Walter Lowrie on Early Church Bishops

In Walter Lowrie’s “interpretation” of Rudolph Sohm, a very convincing case is made that the “bishop” in the early church was a local church, a congregational, minister whose primary job was to preside over the Eucharist, which was a communal feast.  He writes:

Both Gentile and Jewish usage required a president at the feast, and this was particularly the case with regard to Passover, from which the Eucharistic feast was derived.  In the Eucharist there were two functions especially that fell to the part of the president: namely, the breaking of the bread, and the thanksgiving prayer.

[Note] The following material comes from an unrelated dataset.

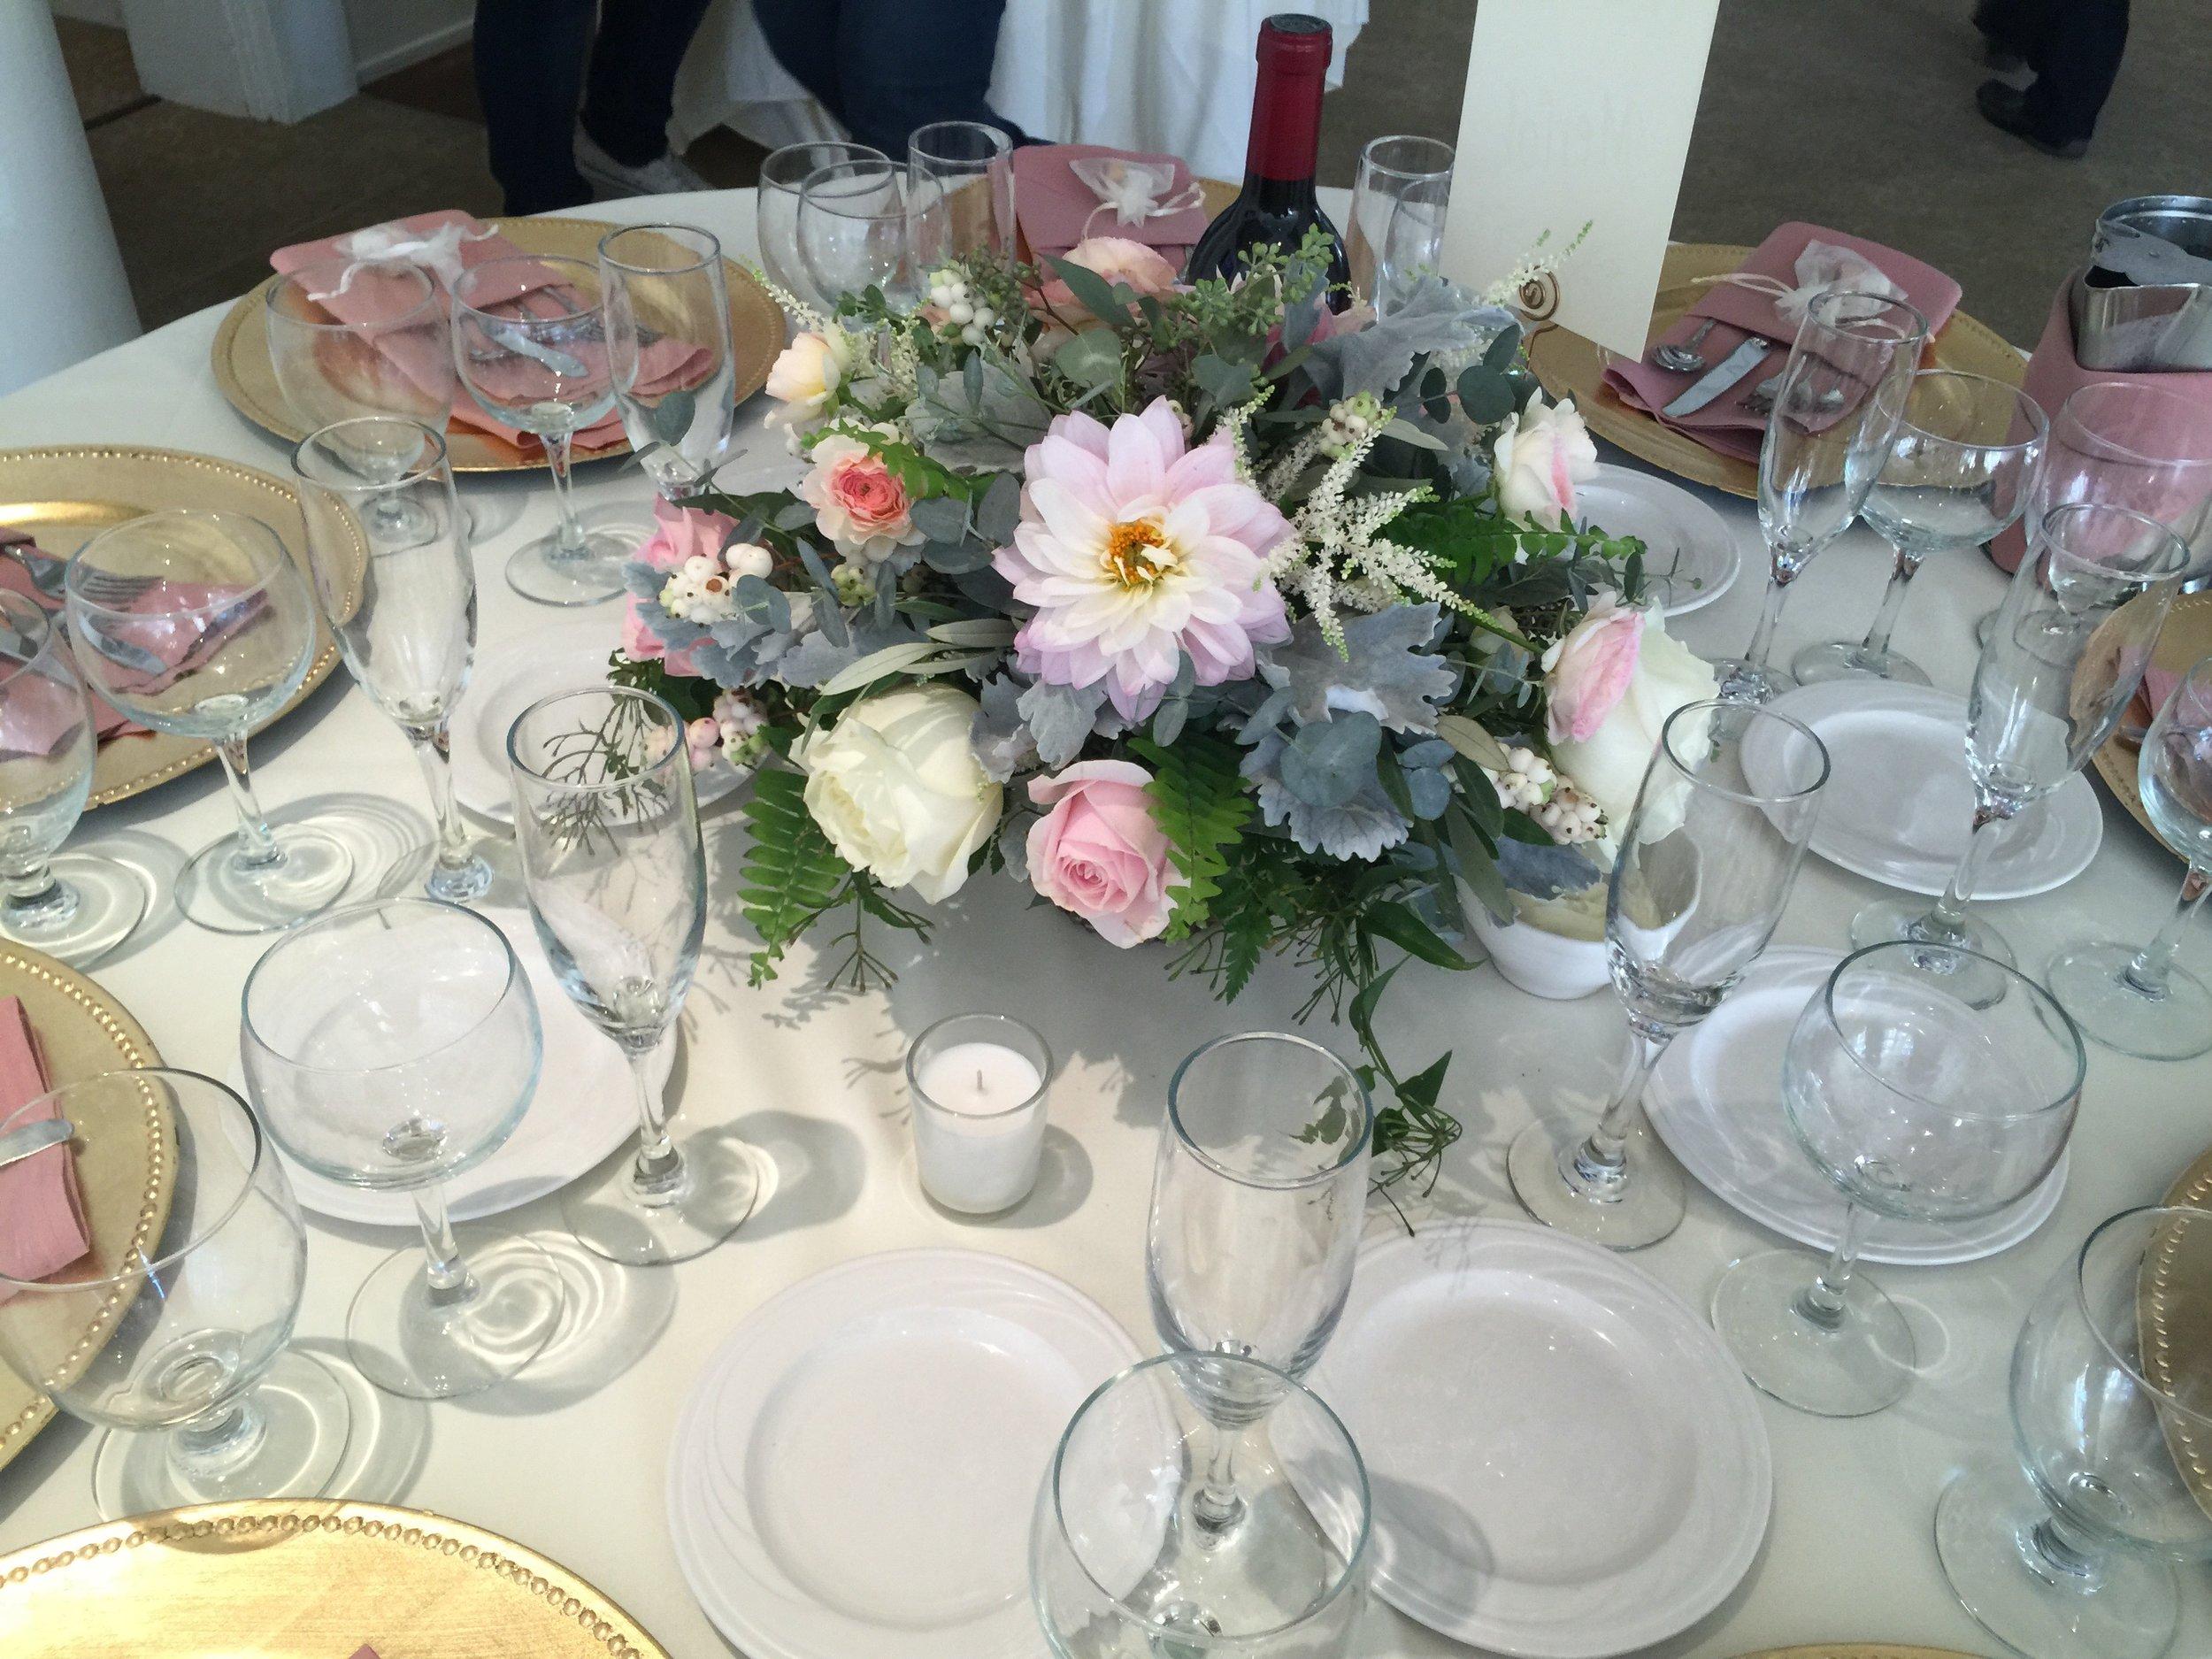 Low_Centerpiece_Guest_Table_Dahlia_Greens_Vizcaya_Sacramento_Violette_Fleurs.jpg

~The Church and Its Organization in Primitive and Catholic Times, p 268

He adds that this bishop was selected on the basis of a personal leadership charismata.  The office was necessary for order, and there was naturally a leader who best fulfilled the office.  In the absence of such a person, however, a layman could step up and fulfill the role.  Lowrie quotes Tertullian, saying:

Are not also we laity priests?  …When there are no clergy thou makest the offering and baptizest and art priest for thyself alone.  When three are present, there is the Church, although they be laymen.

~De exhort. cast. c. 7.

To dismiss ideas that this is simply an aspect of Tertullian’s sectarianism, Lowrie adds:

Tertullian does not contend for this principle, he merely assumes it as a premise for his argument: therein lies the proof that it was not an individual opinion of his own, nor a distinctive tenet of Montanism, but a commonly accepted position, a primitive tradition which had not yet been successfully impugned.

~Lowrie, p 269

Lowrie gives extensive treatment to Ignatius, showing that this view of the bishop, that of congregational Eucharistic president, is precisely what is meant and that this is something qualitatively different from the later metropolitan system of bishops as heads of a larger jurisdiction.  Lowrie writes:

We have seen, however, that the single bishop and the whole organization of which he was the head is explained by the nature of the Eucharistic assembly… For Ignatius, the single bishop is the correlative of a single Eucharistic assembly, and he avails himself of the unity of organization which actually existed to press the plea for unity of worship.  This is his great remedy for schism.  He urges this point in all his epistles– except in that to the Romans.  In Ephs. c. 20 he says: “Assemble yourselves together in common, … to the end that ye may obey the bishop and the presbytery without distraction of mind; breaking one bread,” etc. Ib. c. 5: “If any one be not within the precinct of the altar, he lacketh the bread of God.  For if the prayer of one and another hath so great force, how much more that of the bishop and of the whole Church…

…Let that be held a valid Eucharist which is under the bishop or one to whom he shall have committed it.  Wheresoever the bishop shall appear, there let the people be; even as wherever Jesus is, there is the catholic Church.  It is not lawful apart from the bishop either to baptize or to hold an agape.

~ p 295

That last quote of Ignatius presses the point home: the bishop was a congregational minister.  The activities of the church were to be done in his presence, just as the Church acts in the presence of Jesus, because the bishop was regularly present at the local church.  He was to be there for every baptism or agape, except in those cases when he appoints a representative.

When the episcopacy shifted to a metropolitan administrative office, the exception became the norm, and the bishop had to appoint permanent “representatives.”  But in so doing, the presbyters effectively became Ignatian bishops, though without the name and, in a fateful shift in doctrine, without the authority.